Louis Schanker at the presentation of his W.P.A. mural at the Neponsit Beach Children’s Hospital in Queens in 1939.
Louis Schanker at the presentation of his W.P.A. mural at the Neponsit Beach Children’s Hospital in Queens in 1939.
Andrew Herman
The W.P.A. Years,”
By
Mark Segal

Although he was a friend of Jackson Pollock, Lee Krasner, Stuart Davis, Mark Rothko, and Adolph Gottlieb, Louis Schanker, an artist who lived in New York City, East Hampton, and Stanford, Conn., is not as widely known as those colleagues.

The new exhibition at the Pollock-Krasner House and Study Center in Springs, “Louis Schanker: The W.P.A. Years,” sheds light on one of the most productive periods of his 50-year career, when he was a supervisor on both the mural and graphics divisions of the Federal Art Project of the Works Progress Administration, the New Deal agency created to relieve unemployment during the Great Depression.

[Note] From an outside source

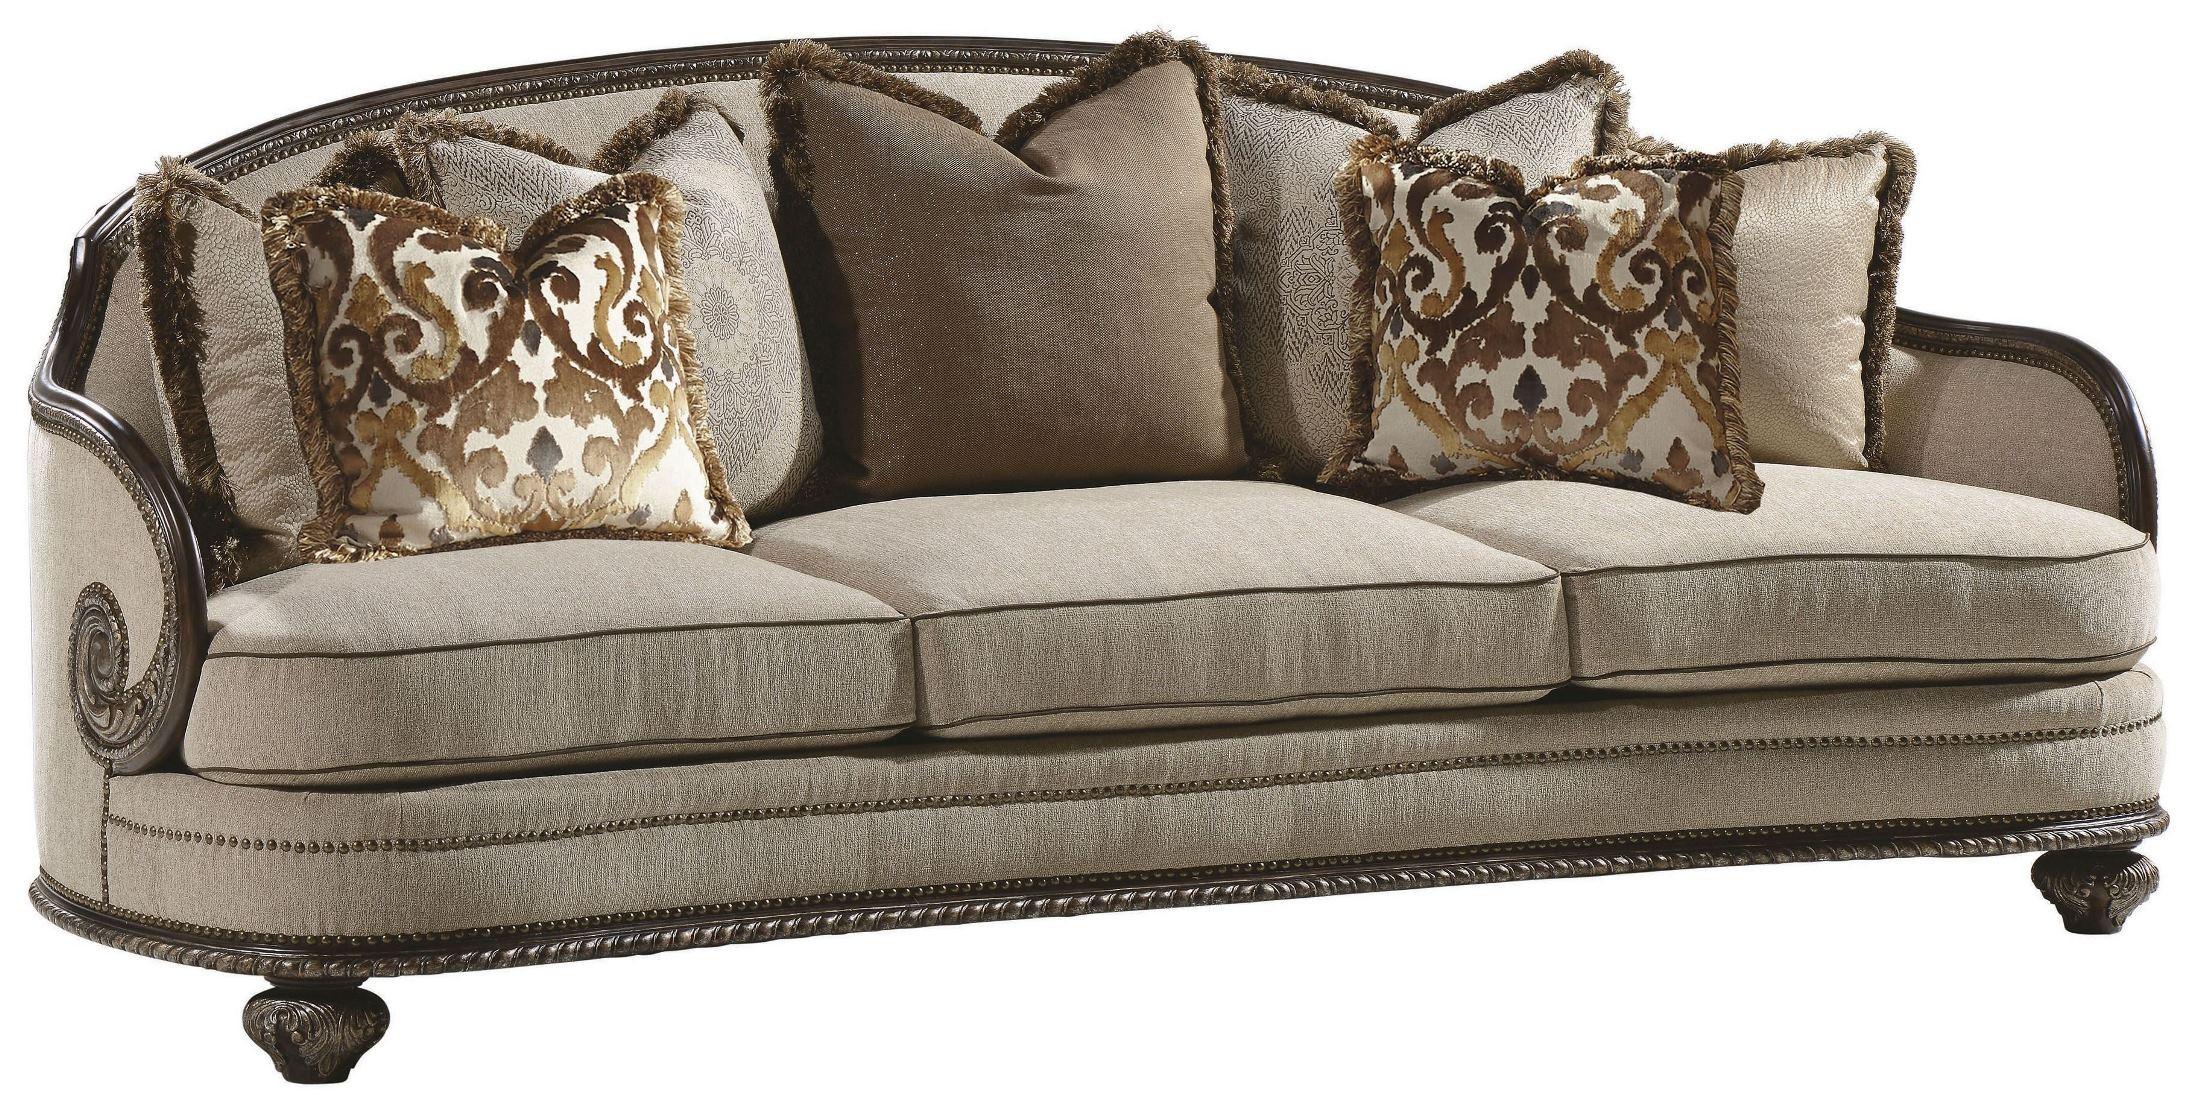 Delightful Chamberlain Sofa

Schanker was one of several artists, including Davis, who produced a mural for WNYC, New York’s municipal radio station, and later created a mural for the Hall of Medicine and Public Health Building at the New York World’s Fair of 1939.

Although Grace Glueck, a New York Times critic, said his work of the 1930s and 1940s was done “in a semi-abstract mode that was influenced by European modernism,” in 1935 he joined Rothko, Gottlieb, and other artists in a group known as “The 10,” who protested the lack of support for American abstract artists by the Whitney Museum. Ironically, Schanker’s work was included in that museum’s 1936 annual exhibition.

The exhibition features a selection of his woodblock and linoleum block prints, including examples of the blocks themselves and process materials. Studies for his murals at WNYC and the Neponsit Beach Children’s Hospital in Queens will also be on view. 

The catalog essay by Greta Berman, an art historian and author of “The Lost Years: Mural Painting in New York City Under the Works Progress Administration’s Federal Art Project, 1935-1943,” focuses on Schanker’s three major themes: music, sports, and the circus. A reception and gallery talk with Ms. Berman will take place on May 27 from 5 to 7 p.m., and the exhibition will continue through July 28. M.S.